Saturday, January 11, 2014

Bringing It All Back Home: Pope Francis and a Return to Compassion

It has been less than a year since Jorge Bergoglio of Argentina became the Bishop of Rome, but already Pope Francis has transformed the Catholic Church, embracing its mission as a church of service and healing to a troubled world. He leads by example, living simply and acting compassionately. By his words and deeds, he reminds us of the good religion can achieve when its focus is on justice, peace, and service to the poor. He has helped bring Catholicism back to the teachings of Jesus, a radical movement for economic and social justice, love, and understanding. It is an anti-materialistic, counter-cultural message that the global community desperately needs.

As a non-Catholic, I am impressed by this new Pope, a man of humble beginnings named after Francis of Assisi, the patron saint of the poor. He is a pastor to the people who considers strict adherence to doctrine an unnecessary distraction from the true mission of the Church. “Who am I to judge?” as he replied when asked about gays in the priesthood, is a sign that this is a Pope who “gets it.” It remains to be seen whether he will reform the Catholic Church in areas of sexual ethics and inclusiveness, but in other areas of life and faith, by extending open arms to the broad brush of humanity, he has re-engaged the flock and reminded Catholics and non-Catholics alike of what is, or should be, the essence of the Christian faith. “I prefer a Church,” writes Francis, “which is bruised, hurting and dirty because it has been out on the streets, rather than a Church which is unhealthy from being confined and from clinging to its own security.” He desires not just talk and prayer, but societal transformation.

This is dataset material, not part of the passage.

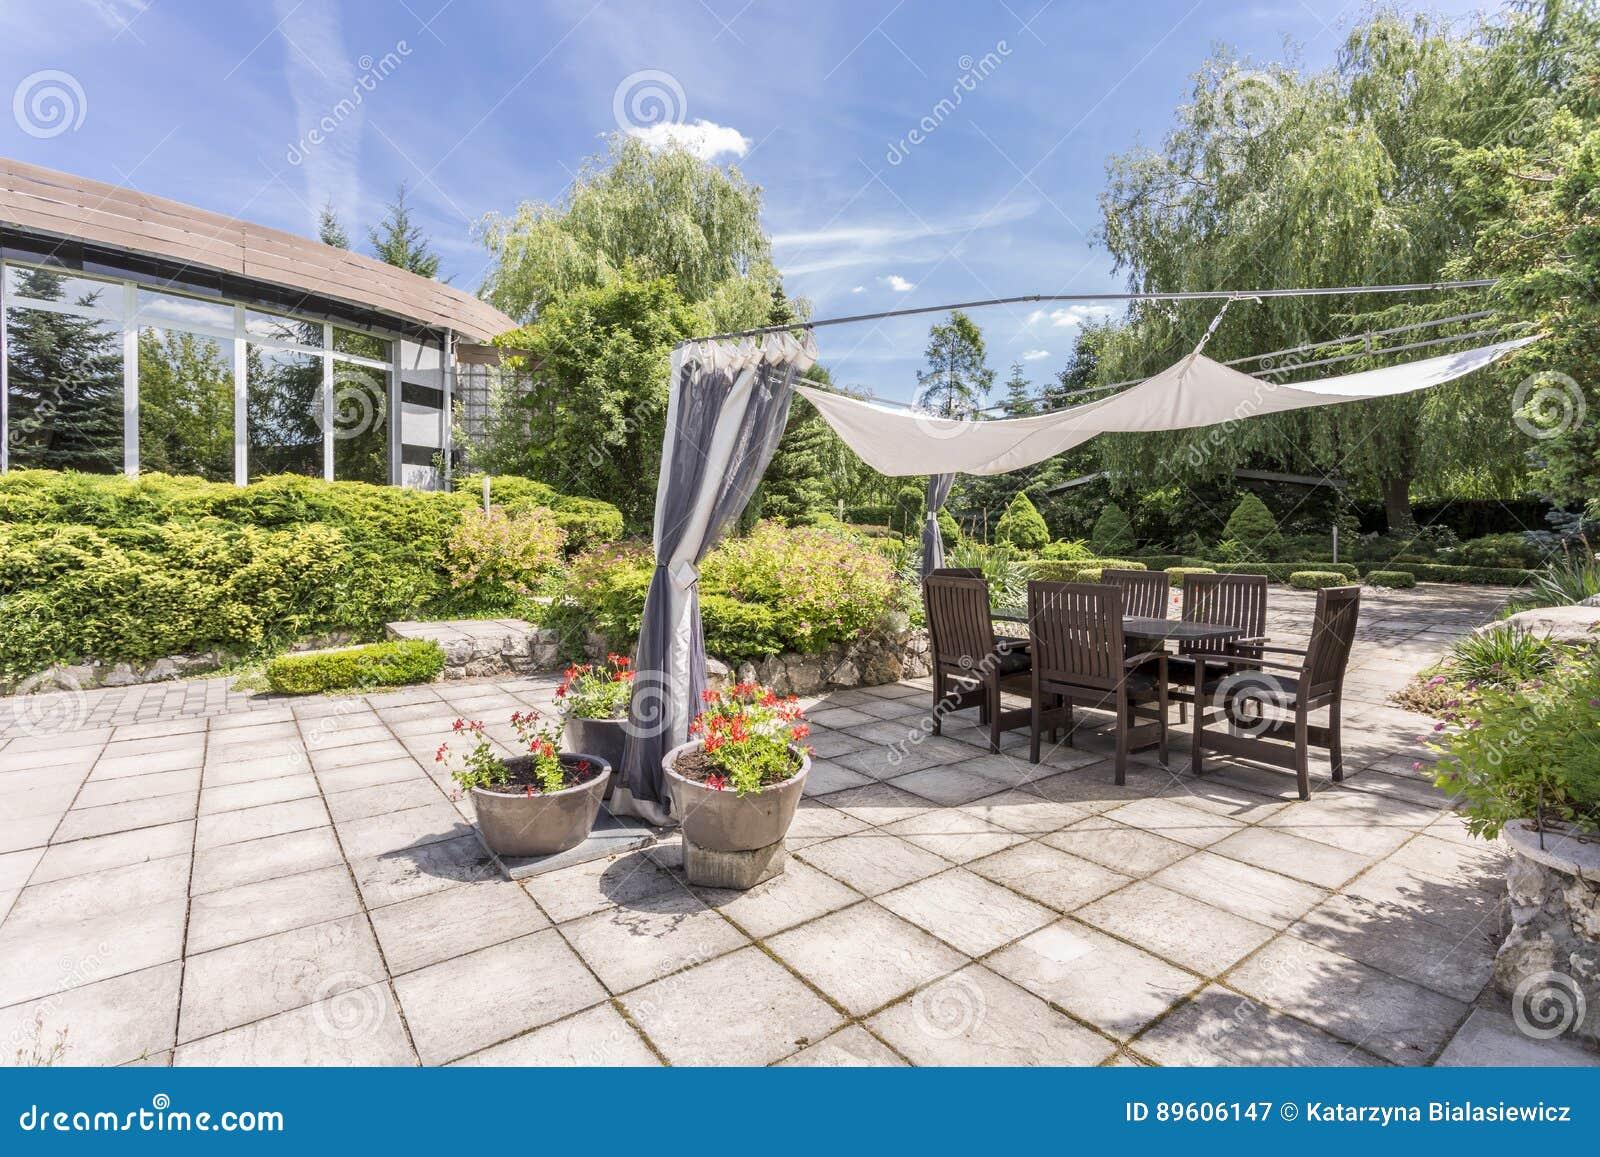 Garten Mit Gepflasterter Terrasse Mit Tabelle Stockbild Bild Von

There really is nothing new in the Pope’s emphasis on love and justice; it was the essence of my faith and teachings for as long as I can remember. But it is, unfortunately, a message that has far too often been overlooked or ignored by more rigid, misguided expressions of Christianity that have so dominated our culture for the past thirty years or more.

I was born in 1959, when liberal Protestantism still held some influence over many of our nation’s institutions. The son of a Lutheran minister, I was taught that the inner life of faith should reflect, not define, how one encounters the world. I came of age in the 1970’s, when my father was Bishop of the New Jersey Lutheran Synod and most of my friends were Catholics and Jews. I witnessed first-hand the struggle of the Lutheran Church, and of all the major religions, to stay relevant in a time of cultural and political upheaval amid the increasing secularization of American society. It was often in church or my teen youth group where I debated and discussed Vietnam, Watergate, the sexual revolution, civil rights, and women’s rights. How were we as Christians, as Lutherans, to address the many issues confronting a divided and torn world? The answers were not always clear, as a fast-changing standard of morality and ethics affected every institution in America, including the Lutheran Church.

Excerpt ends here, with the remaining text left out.